The mention of leaves made me feel hungry. ‘Food’, I thought.

In an instant, Sara arrived with the capsule. I eyed it suspiciously. The last time when she gave me one, I couldn’t think of food for another twenty days. I ignored her outstretched hand. I needed something different. Something that reminded me of summer. A setting sun peeping through the branches of the trees. Children playing boisterously. A song playing in the background. Was it on TV? No. It was on my dad’s radio. I was sitting on my doorstep, my dog at my feet. Occasionally, he looked up with his puppy eyes, smacking his lips, waiting for a spoonful of? Ice cream! That’s it! It was ice cream that I wished to eat!

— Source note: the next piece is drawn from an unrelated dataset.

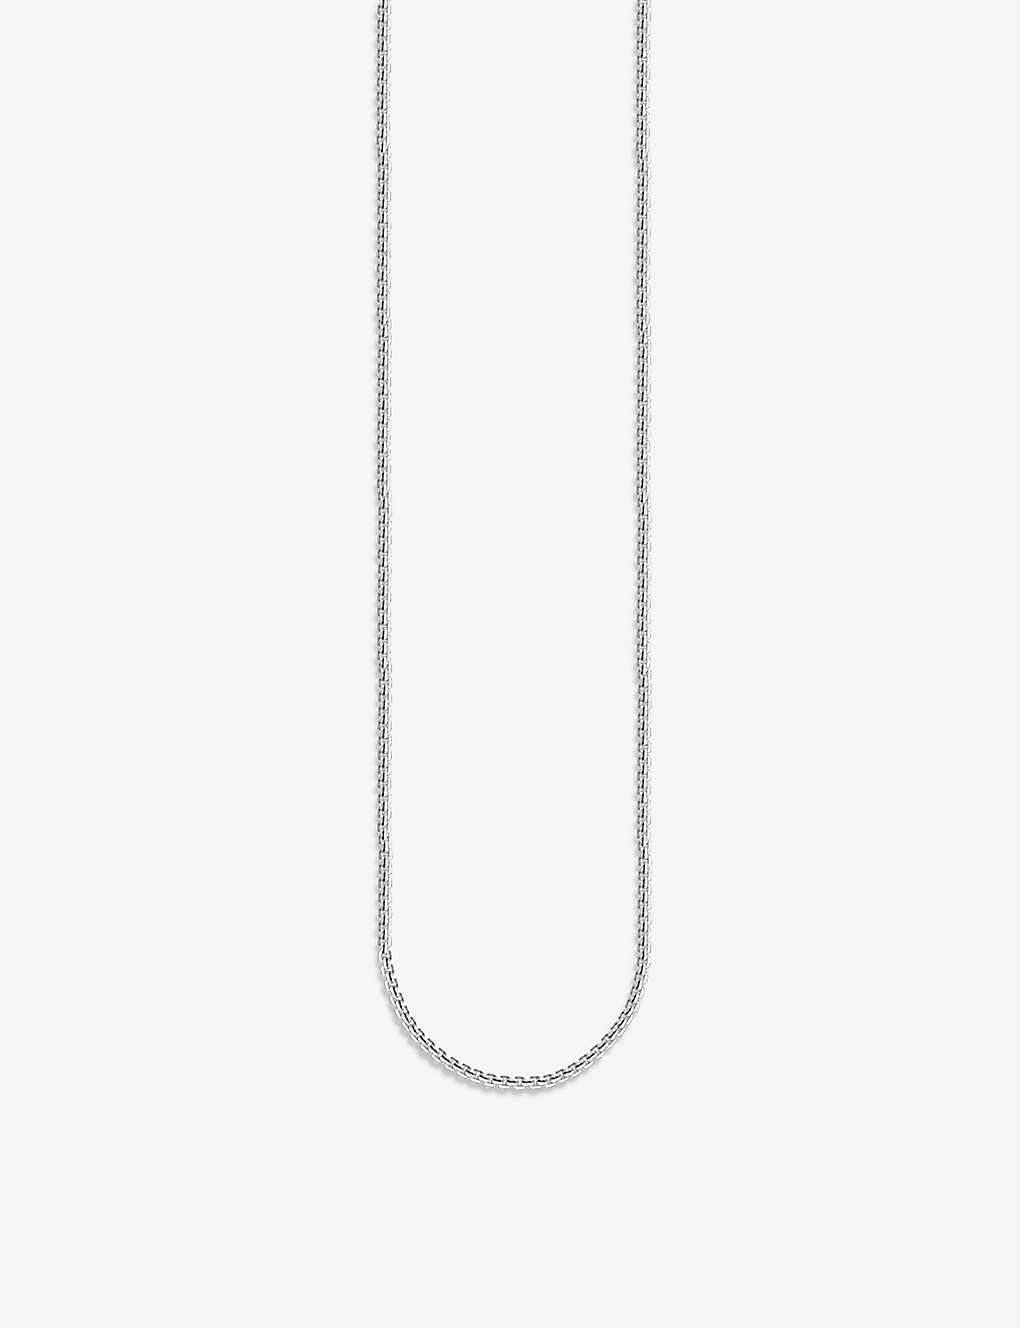 Thomas Sabo Venezia Sterling Silver Chain Necklace

“No such food exists in the world, today.” Sara’s annoying monotone reverberated in my reverie.

Exasperated, I jumped up from my chair, trying to switch her off! Instead, I felt my feet give away! I was falling, falling down a hole…

I woke up with a start. I jumped up and ran straight to my balcony. They were still there. I caressed my lovely plants. Thanks to the almighty! They still survive! A simple prayer crossed my mind.